Scheuer challenges the common assumption that terrorism is the threat facing the United States in the modern era, arguing rather that Islamist insurgency (and not "terrorism") is the core of the conflict between the U.S. and Islamist forces, who in places such as Kashmir, Xinjiang, and Chechnya are "struggling not just for independence but against institutionalized barbarism." Osama bin Laden acknowledged the book in a 2007 statement, suggesting that it revealed "the reasons for your losing the war against us".

In February 2009, Scheuer was fired from his position as a senior fellow of the Jamestown Foundation by the foundation's president. In December 2013 and January 2014, Scheuer was criticized for seeming to advise American citizens to seriously consider assassinating U.S. president Barack Obama. In September 2014, in addition to earlier "praise" received from al-Qaeda, the Islamic State issued a press release quoting Scheuer in order to appeal to an American audience. By 2019, Scheuer was endorsing QAnon conspiracy theories and advocating violence against various perceived enemies of Donald Trump, including former president Barack Obama, whom Scheuer falsely claimed was "Kenya-born."

==Biography==
Scheuer was born in Buffalo, New York, and graduated from Canisius College with a BA in history in 1974. He went on to earn an MA in American History from Niagara University in 1976 and another MA in American Canadian Relations from Carleton University in 1982. He also received a PhD in British Empire–U.S.–Canada–U.K. relations from the University of Manitoba in 1986.

Scheuer served in the CIA for 22 years before resigning in 2004. He was chief of the Bin Laden Issue Station at the CIA's Counterterrorism Center from 1996 to 1999, and worked as Special Adviser to the Chief of the bin Laden unit from September 2001 to November 2004. He is now known to have been the anonymous author of both the 2004 book Imperial Hubris: Why the West is Losing the War on Terror and the earlier anonymous work Through Our Enemies' Eyes: Osama bin Laden, Radical Islam, and the Future of America.

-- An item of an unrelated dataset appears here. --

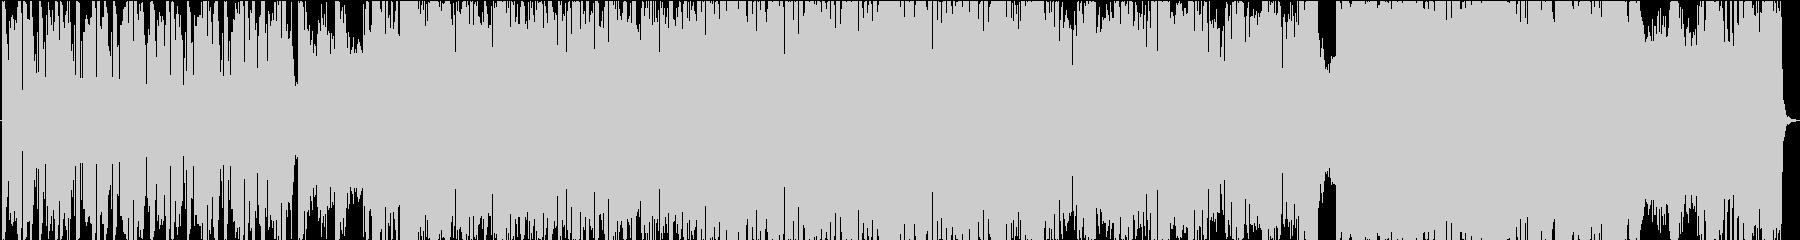 BGM用途のインストEDMの未再生の波形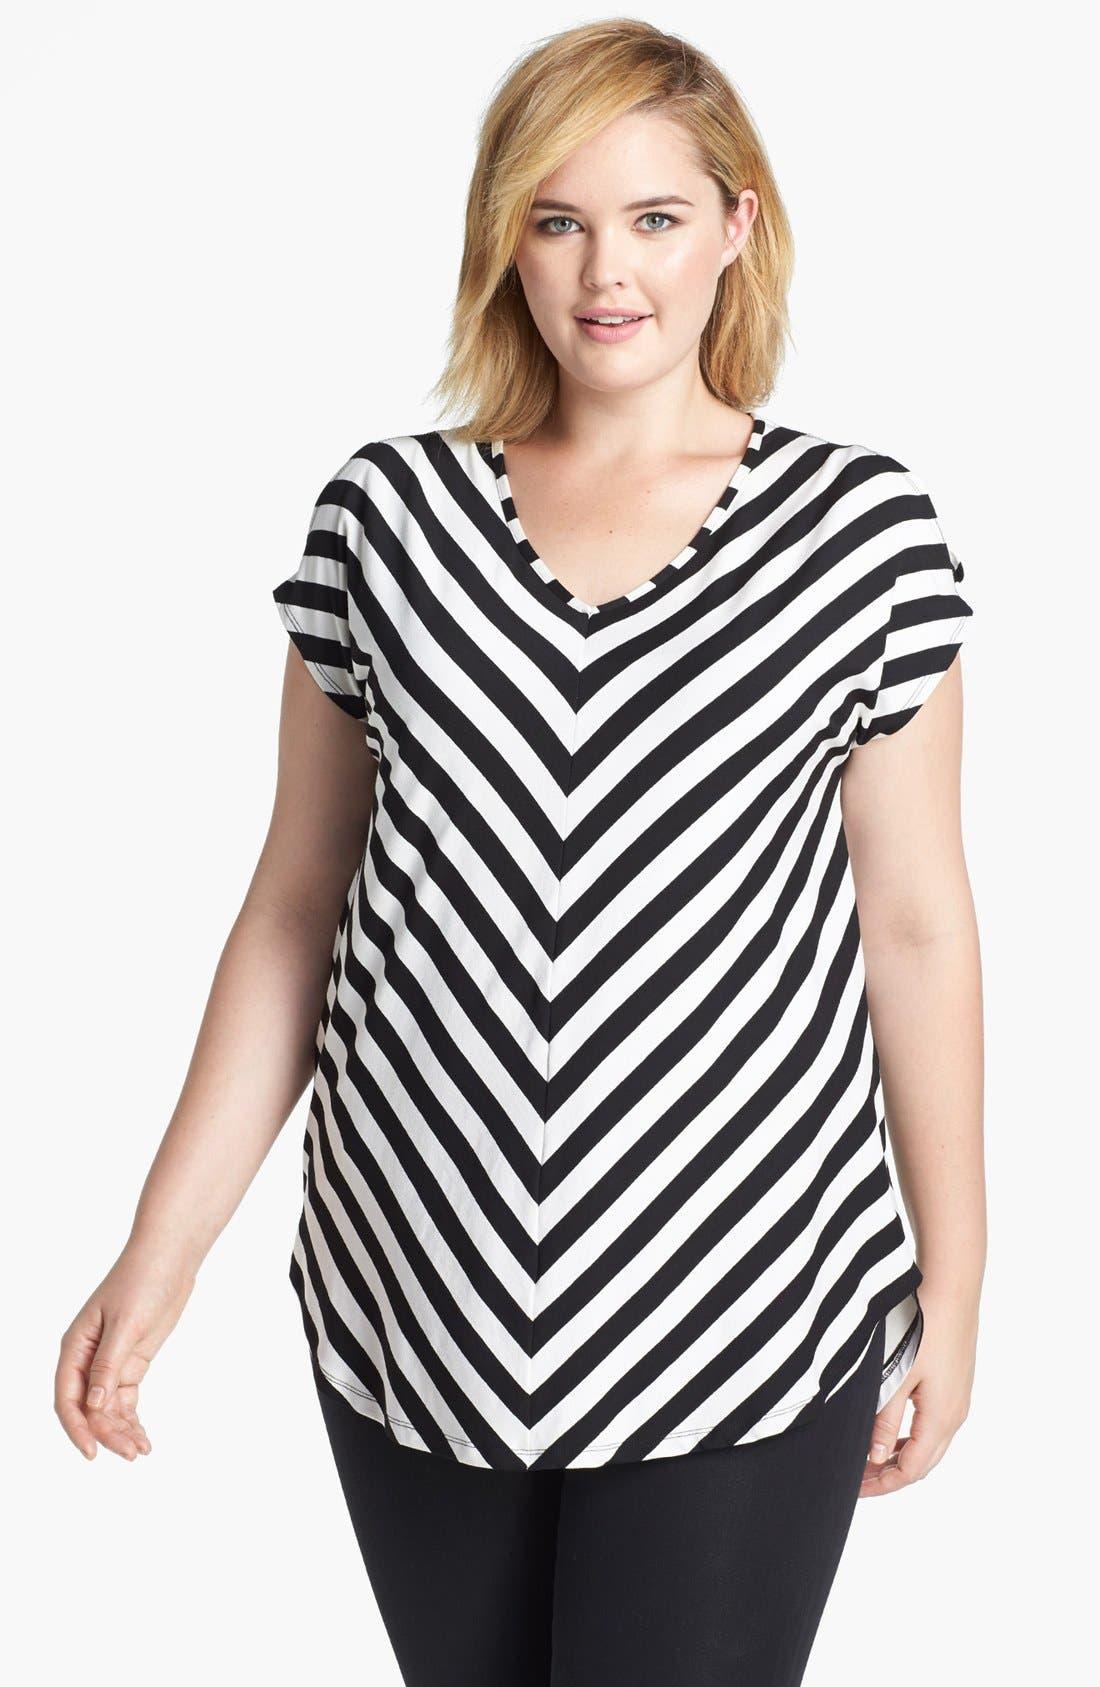 Alternate Image 1 Selected - Evans Chevron Stripe Top (Plus Size)

After his anonymously published books were publicly associated with his name, he was mentioned by Osama bin Laden in his statement of September 7, 2007.

After leaving the CIA in 2004, Scheuer worked as a news analyst for CBS News and a terrorism analyst for the Jamestown Foundation's online publication Global Terrorism Analysis. He made radio and television appearances and taught a graduate-level course on al-Qaeda at Georgetown University. He also participates in conferences on terrorism and national security issues, such as the New America Foundation's December 2004 conference, "Al Qaeda 2.0: Transnational Terrorism After 9/11."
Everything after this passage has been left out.